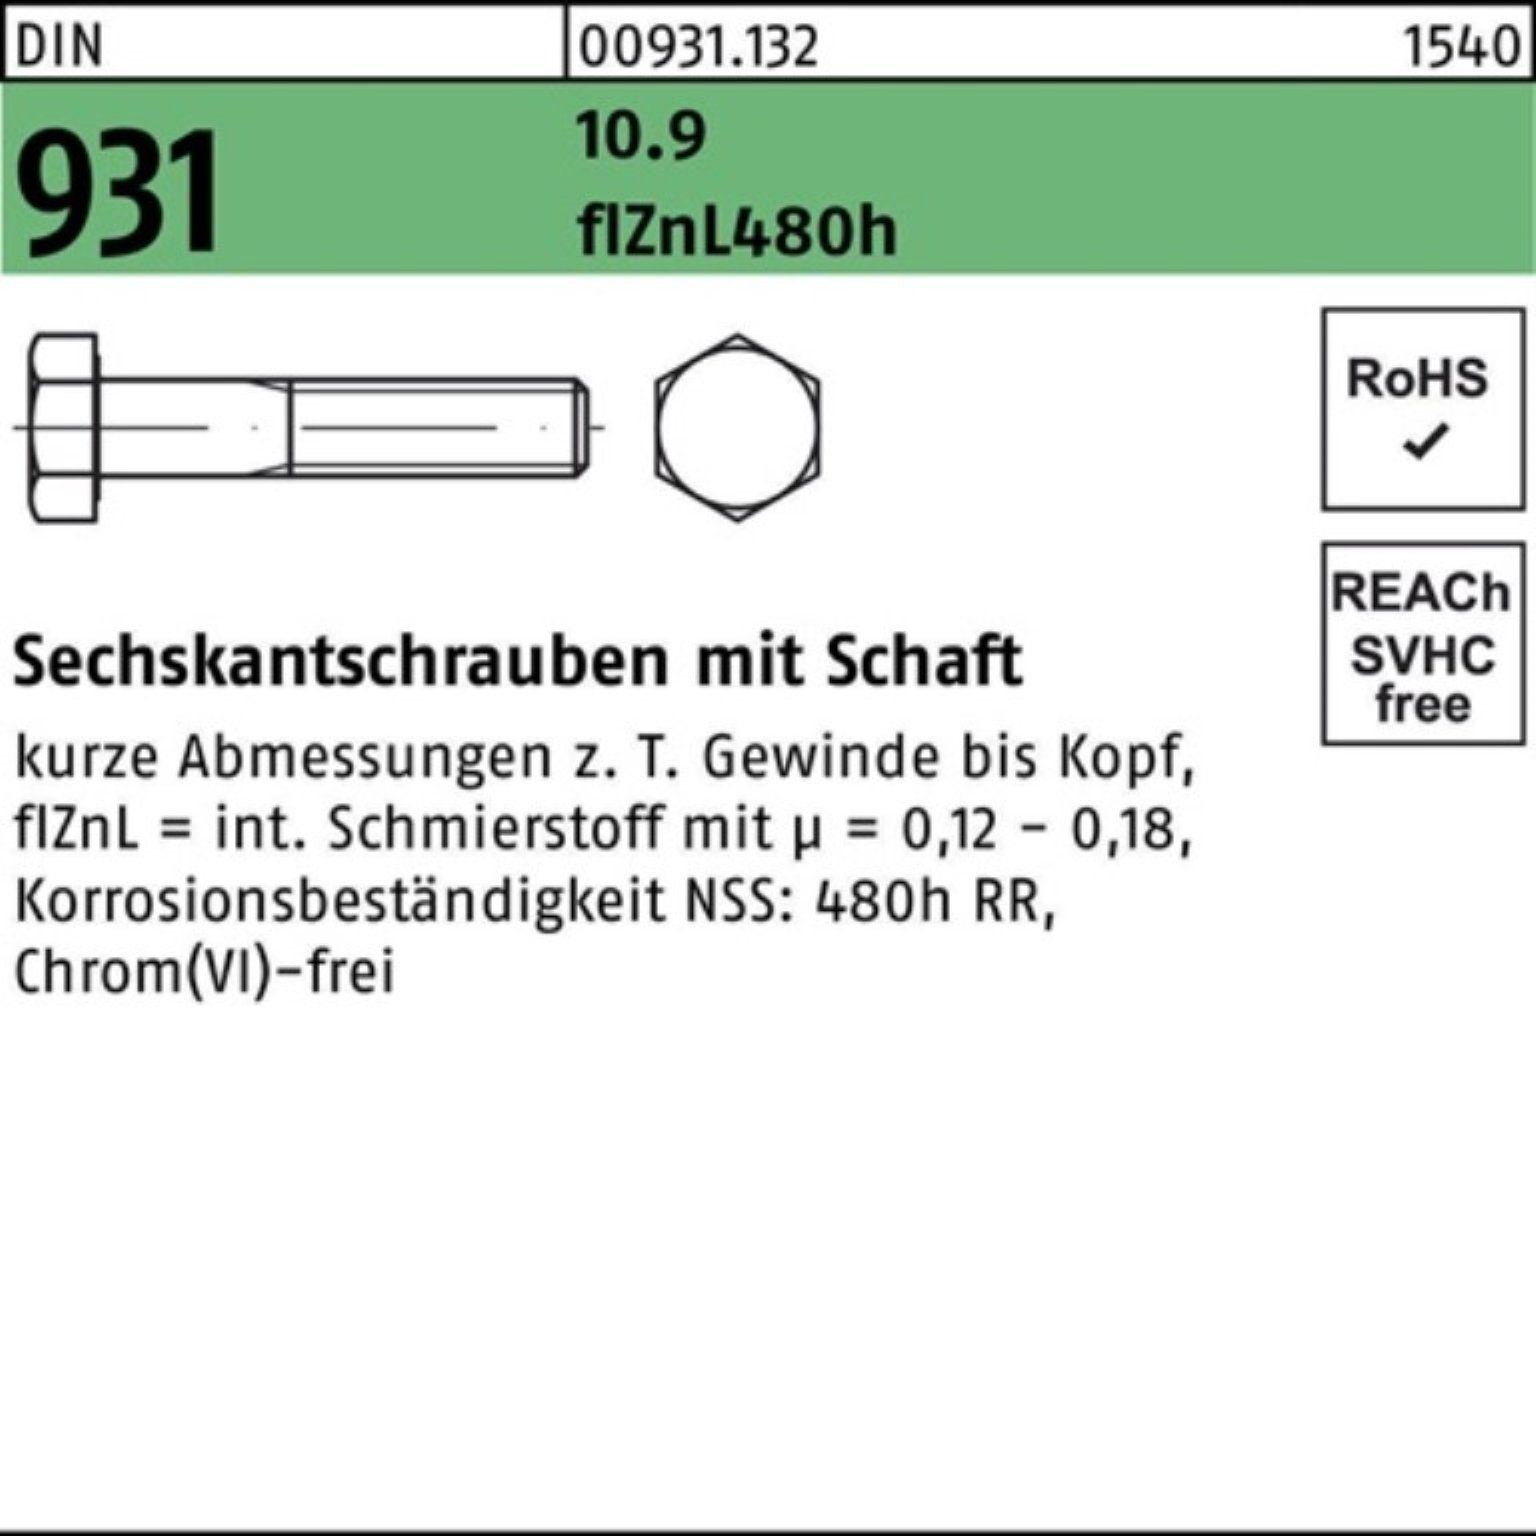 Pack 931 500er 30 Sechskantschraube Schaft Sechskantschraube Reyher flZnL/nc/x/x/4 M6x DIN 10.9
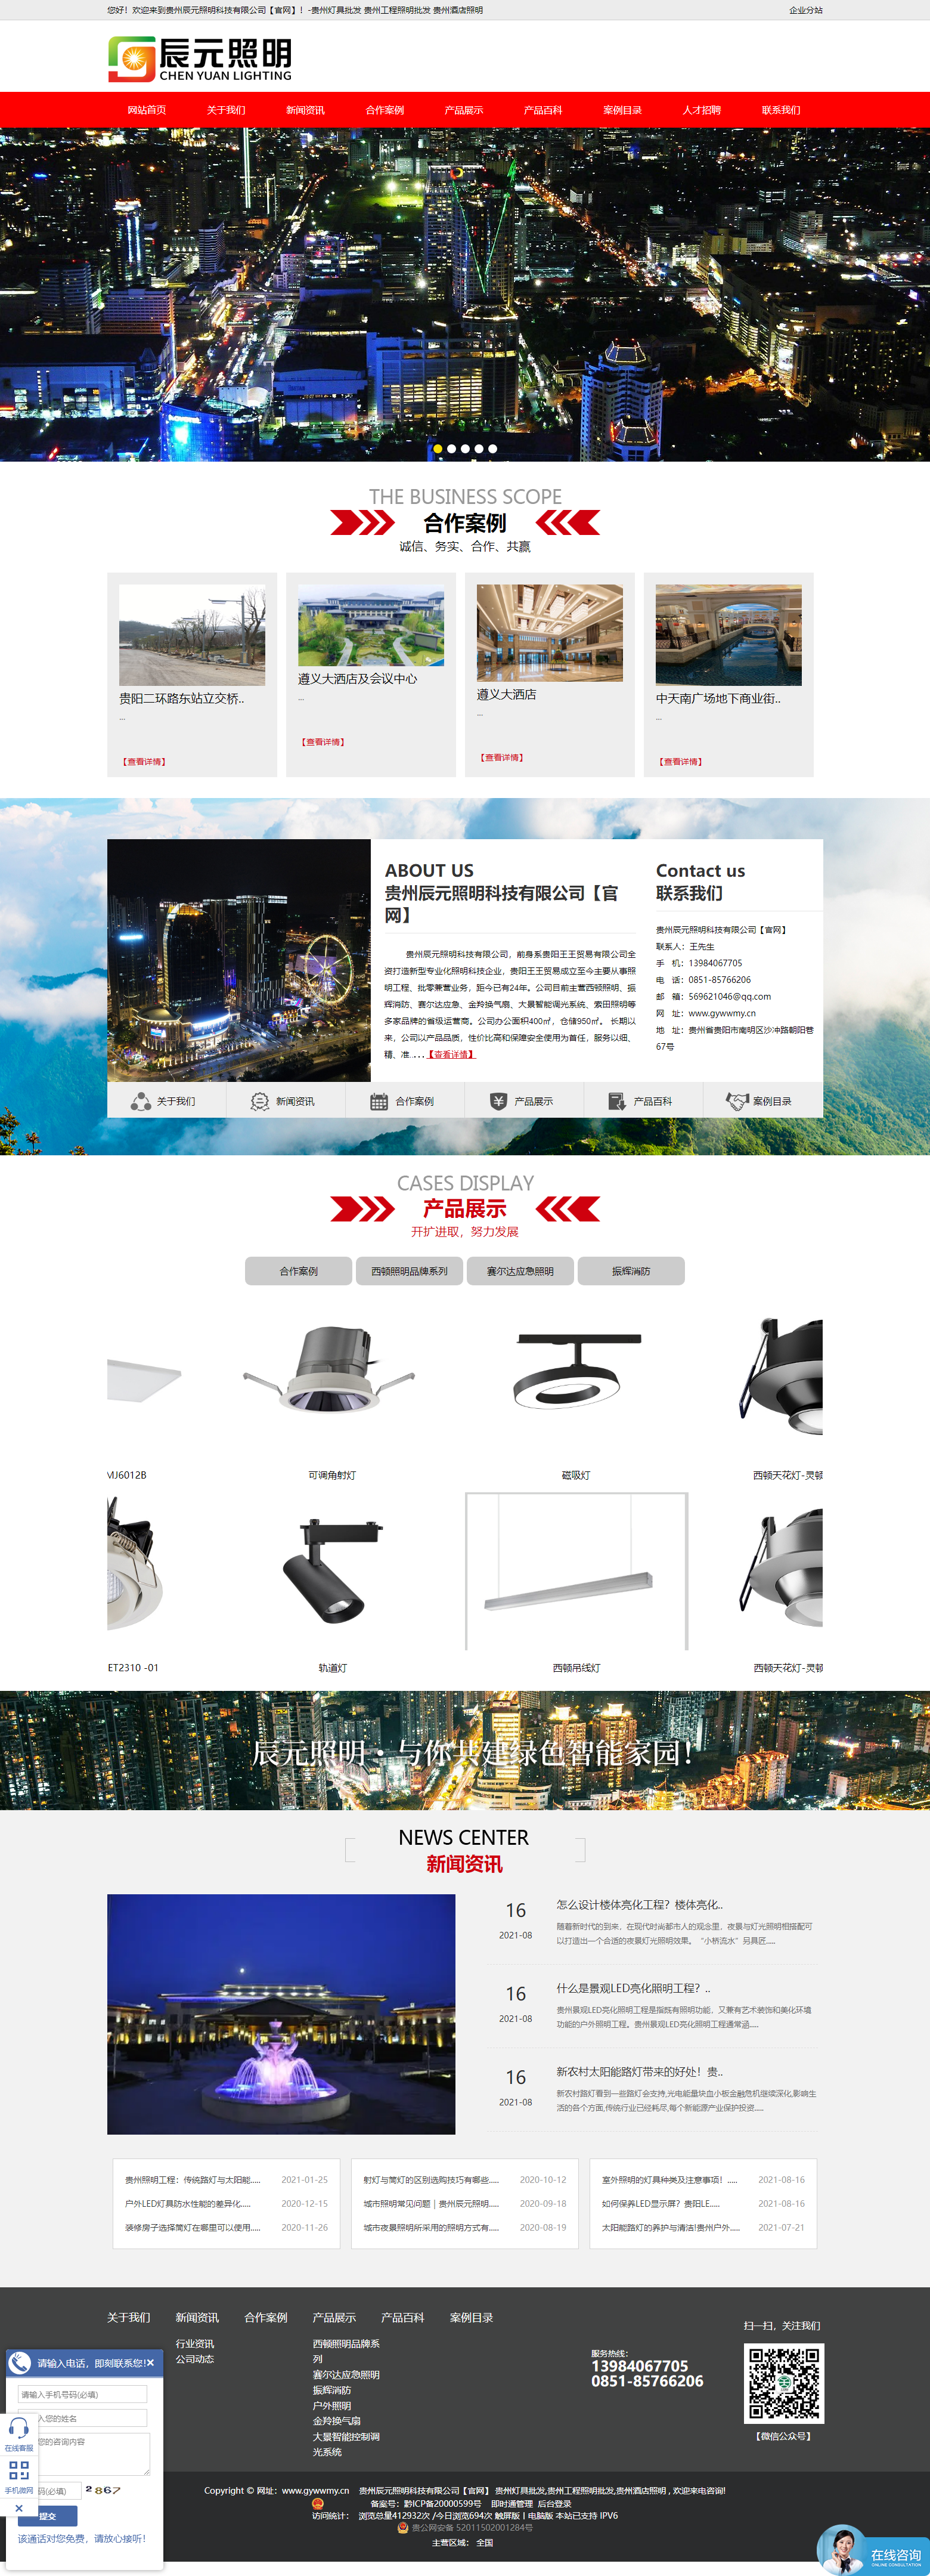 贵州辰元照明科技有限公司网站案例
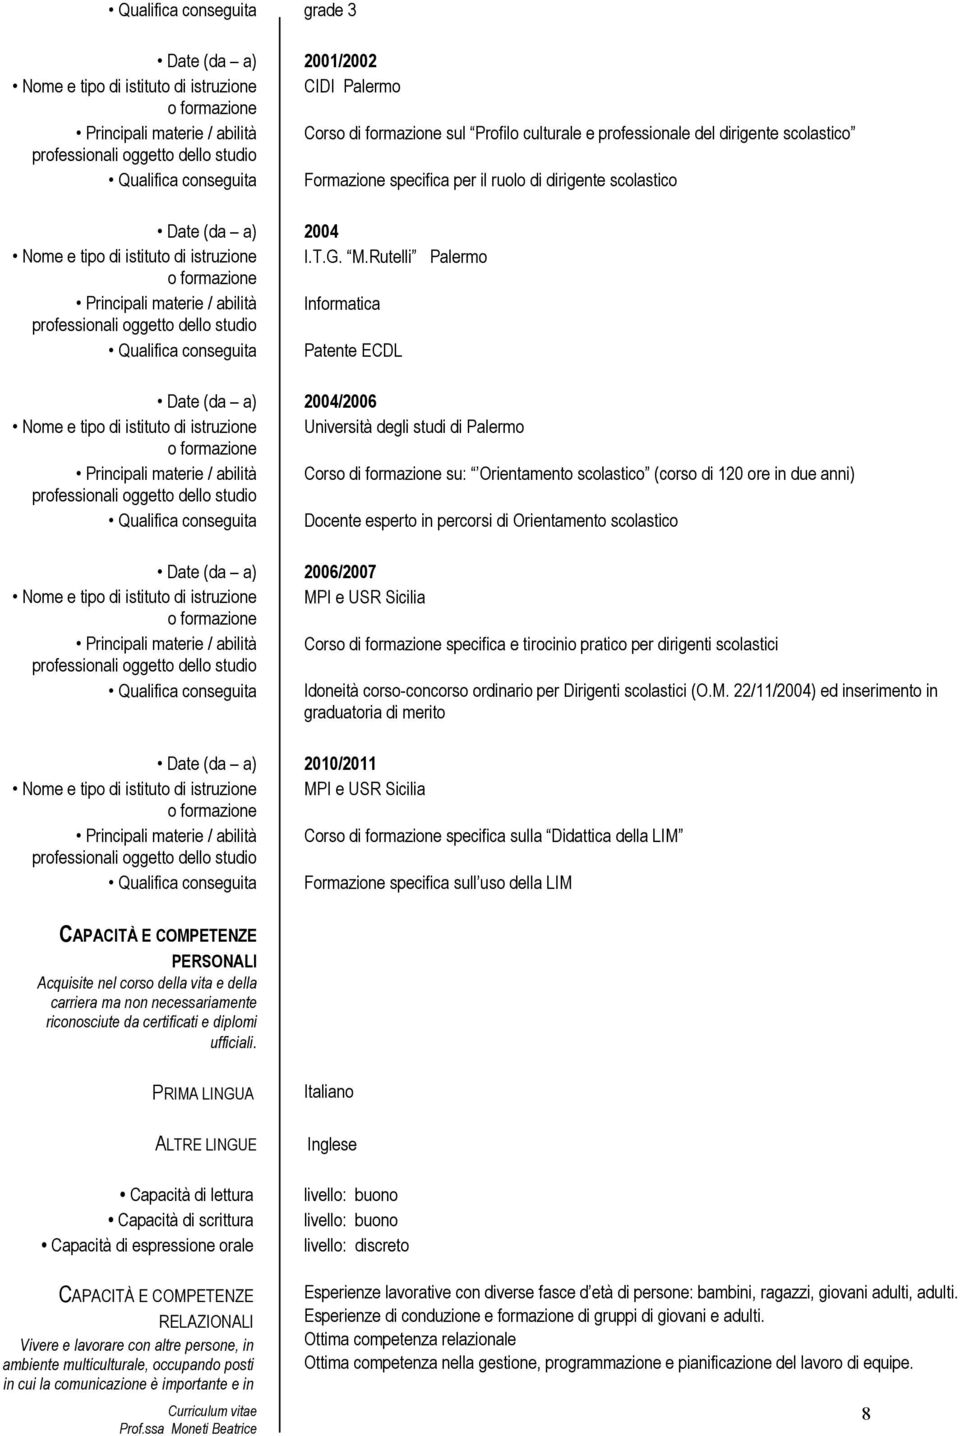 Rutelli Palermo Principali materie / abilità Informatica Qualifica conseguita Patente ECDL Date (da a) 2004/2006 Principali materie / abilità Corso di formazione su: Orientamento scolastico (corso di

> WORK REQUIRED
The lines to repeat run from the line containing "贵州辰元照明科技有限公司网站案例" through the end of the listing above, both included; give them exactly and without pictures.

> ANSWER AREA
 贵州辰元照明科技有限公司网站案例
 Rutelli Palermo Principali materie / abilità Informatica Qualifica conseguita Patente ECDL Date (da a) 2004/2006 Principali materie / abilità Corso di formazione su: Orientamento scolastico (corso di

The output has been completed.